随元青躲过箭镞时候,顺手截下一支箭,在战马从跟前奔过时,他一把拽住马缰,翻身上马。
马背上的骑兵大惊,忙反手挥刀看他,被他后一仰躲过,手中的箭镞直接扎向了骑兵脖颈。
骑兵当场毙命,他将死去的骑兵一把扔了下去。
穆石也已夺下了另一名骑兵的战马,驾马追了上来,随元青痞子气地扬唇一笑:“想回崇州,四条腿还是比两条腿跑得快些。
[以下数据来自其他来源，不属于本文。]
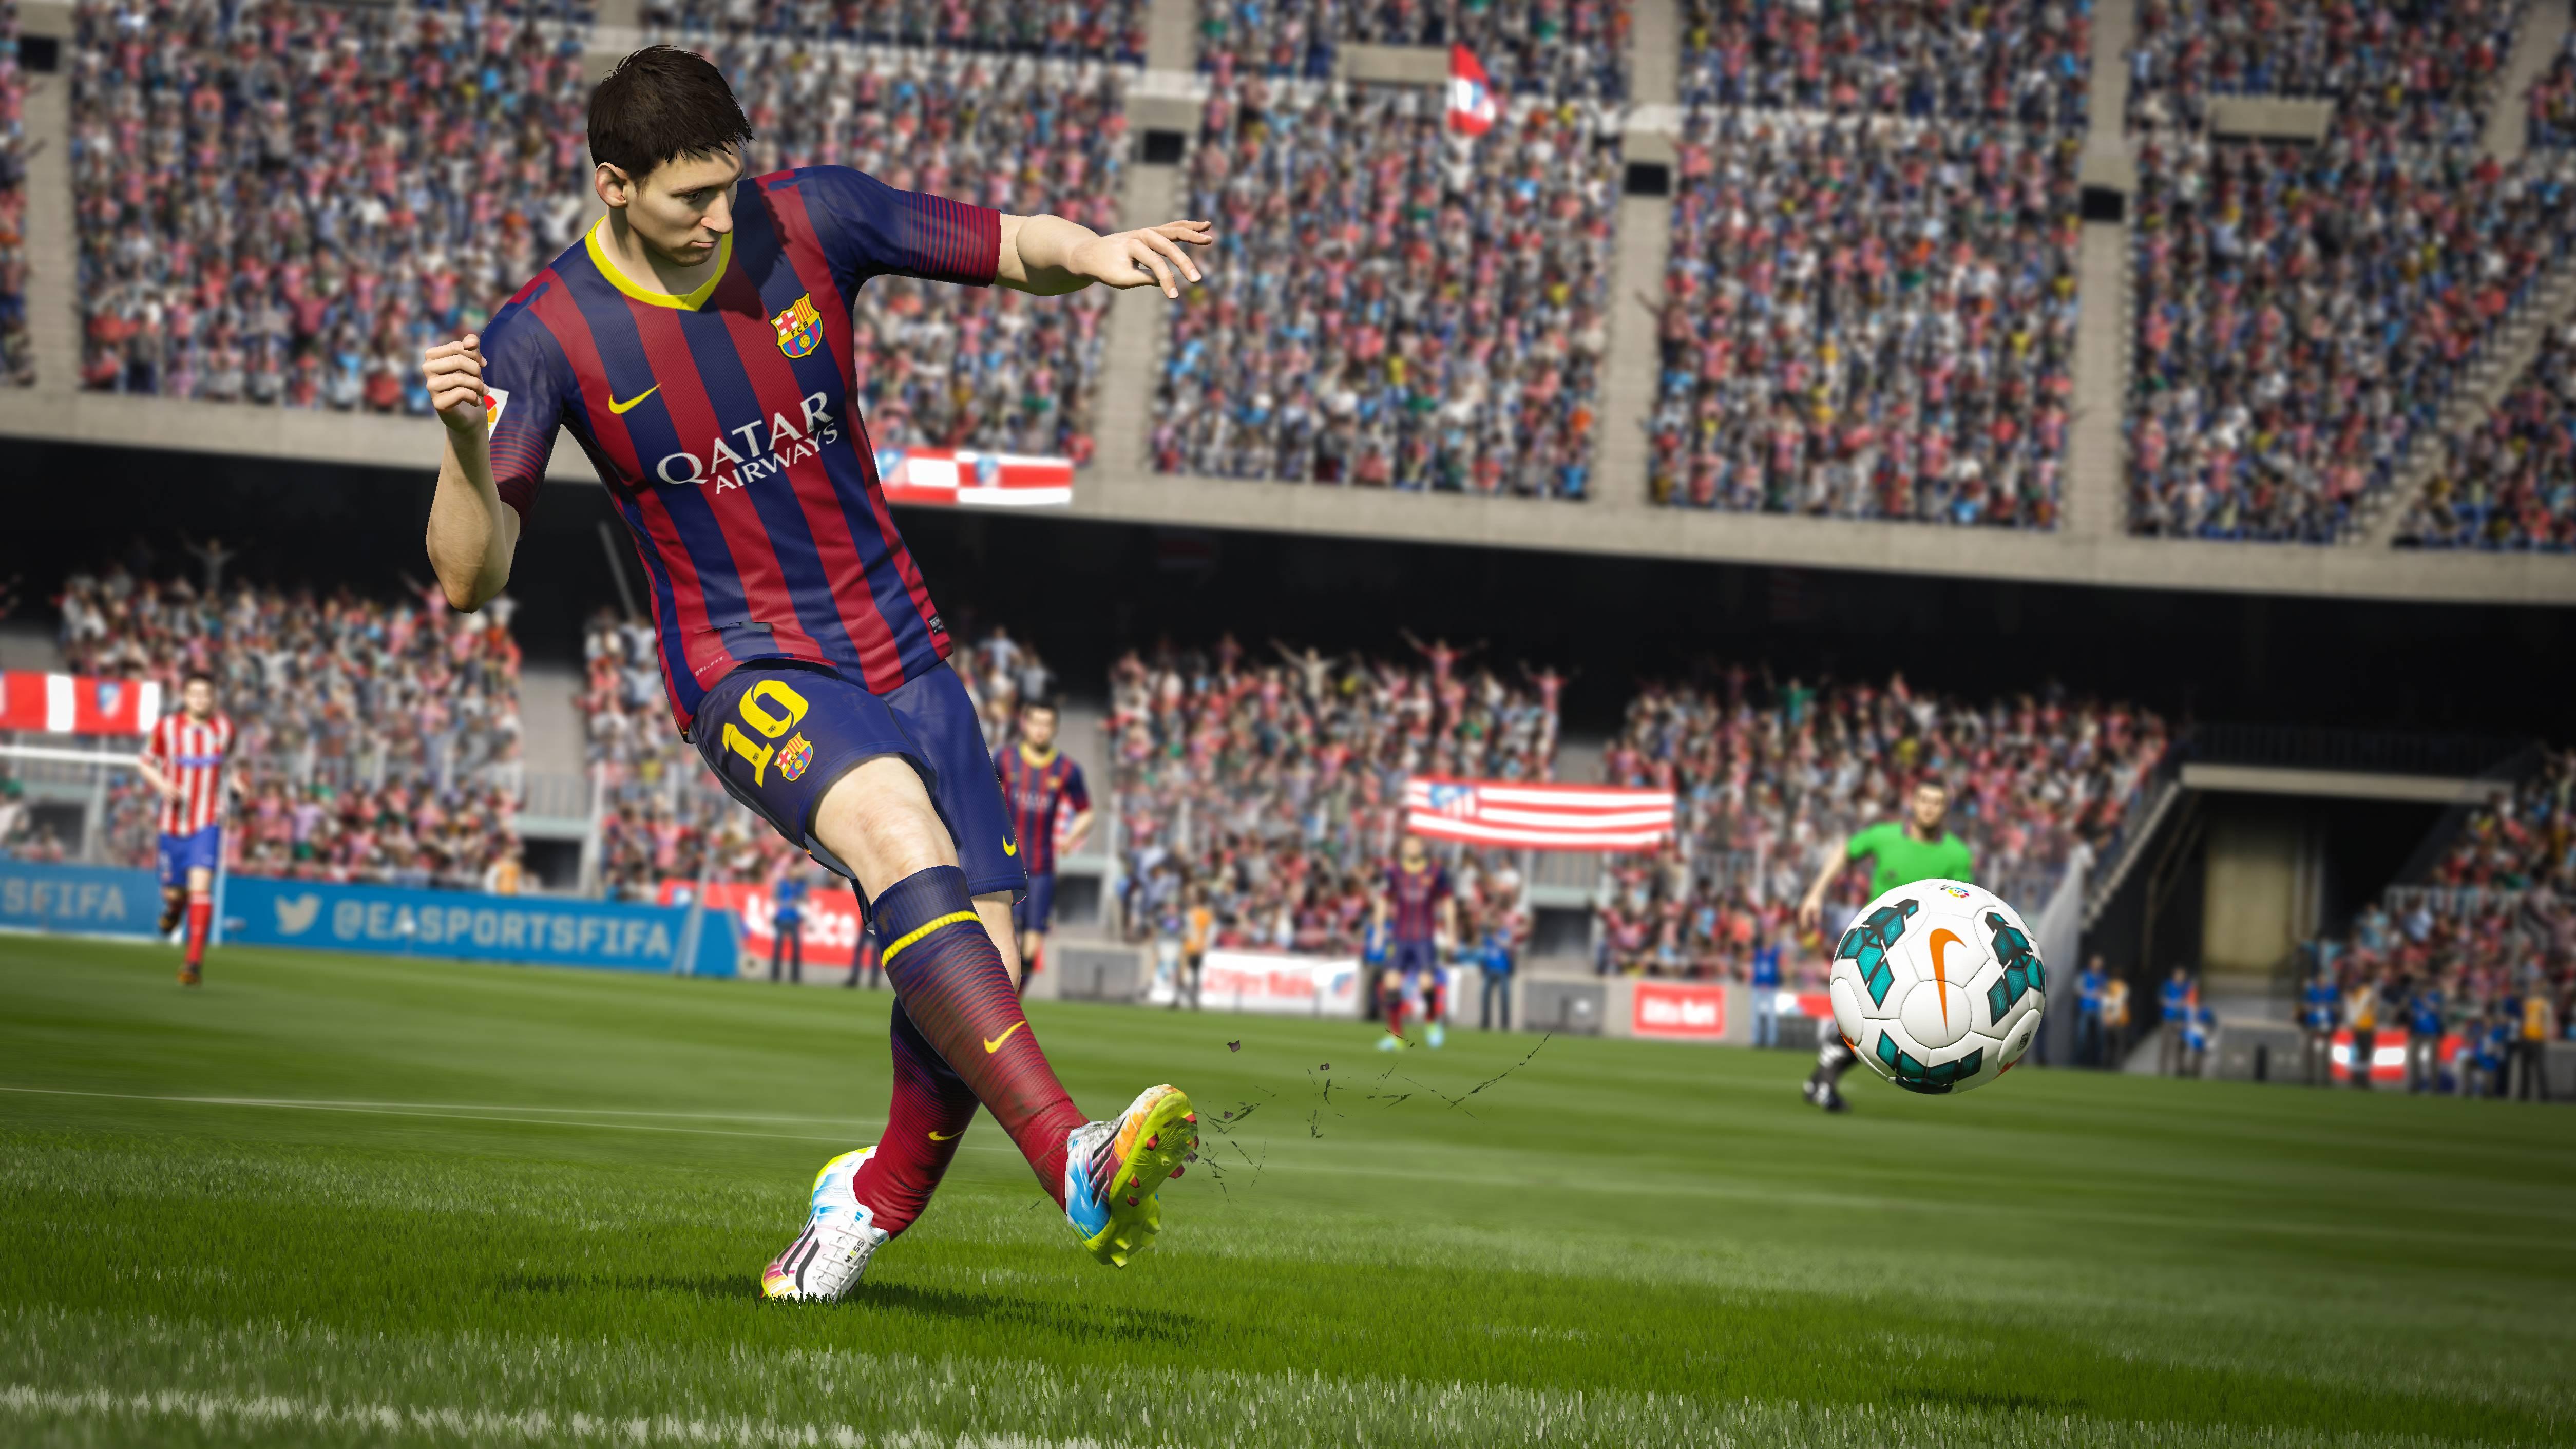 Download <b>FIFA 15 Wallpaper HD</b> 1041 3840x2160 px High Resolution ...

”
他们夺了战马,已全然不把身后那些蓟州官兵放在眼里。
“嗖!”
一支白羽箭携着破空的风声几乎是贴着随元青耳际射过,狠狠扎进前方几丈开外的冻土里,箭尾的白羽轻颤。
所有人具是一惊,那一箭若是瞄准了随元青射的,只怕得箭头从后背进,箭尾从前胸出。
随元青看着落在不远处的那支箭,不由也收起了面上的轻狂神色,回头打量射箭之人。
官道已被踩踏得一片泥泞,两侧山林间树梢上尚有薄雪未化尽,那戴青鬼面具之人立在官道尽头,长柄偃刀随意扎在地上,手挽一张大弓。
他弓弦上已搭了箭,却并未刻意瞄准,面具下的那双眼,凉薄又散漫。
只一个照面,随元青脸色便已难看至极。
他大喝一声:“分头跑!”
夺了战马的亲随们虽不明白为何,却还是瞬间分散跑开。
谢征嘴角冷冷往上提了提,手中弓弦一松,箭镞飞驰而出的瞬间,他弓弦上已搭了第二支箭。
他动作奇快,一时间箭出如流星骤雨,顷刻间便已射出十几支箭,随元青的亲卫尽数落马。
随元青看着左右亲卫中箭从马背上滚落,已无暇顾及身后放箭之人,只咬牙狠夹马腹往前跑,身形尽可能低地贴在马背之上。
谢征马背上的箭筒已空,他策马追来时,路过一倒伏在地上的骑兵,回手一探便取了对方箭囊,单手捻起箭尾,扔开箭囊。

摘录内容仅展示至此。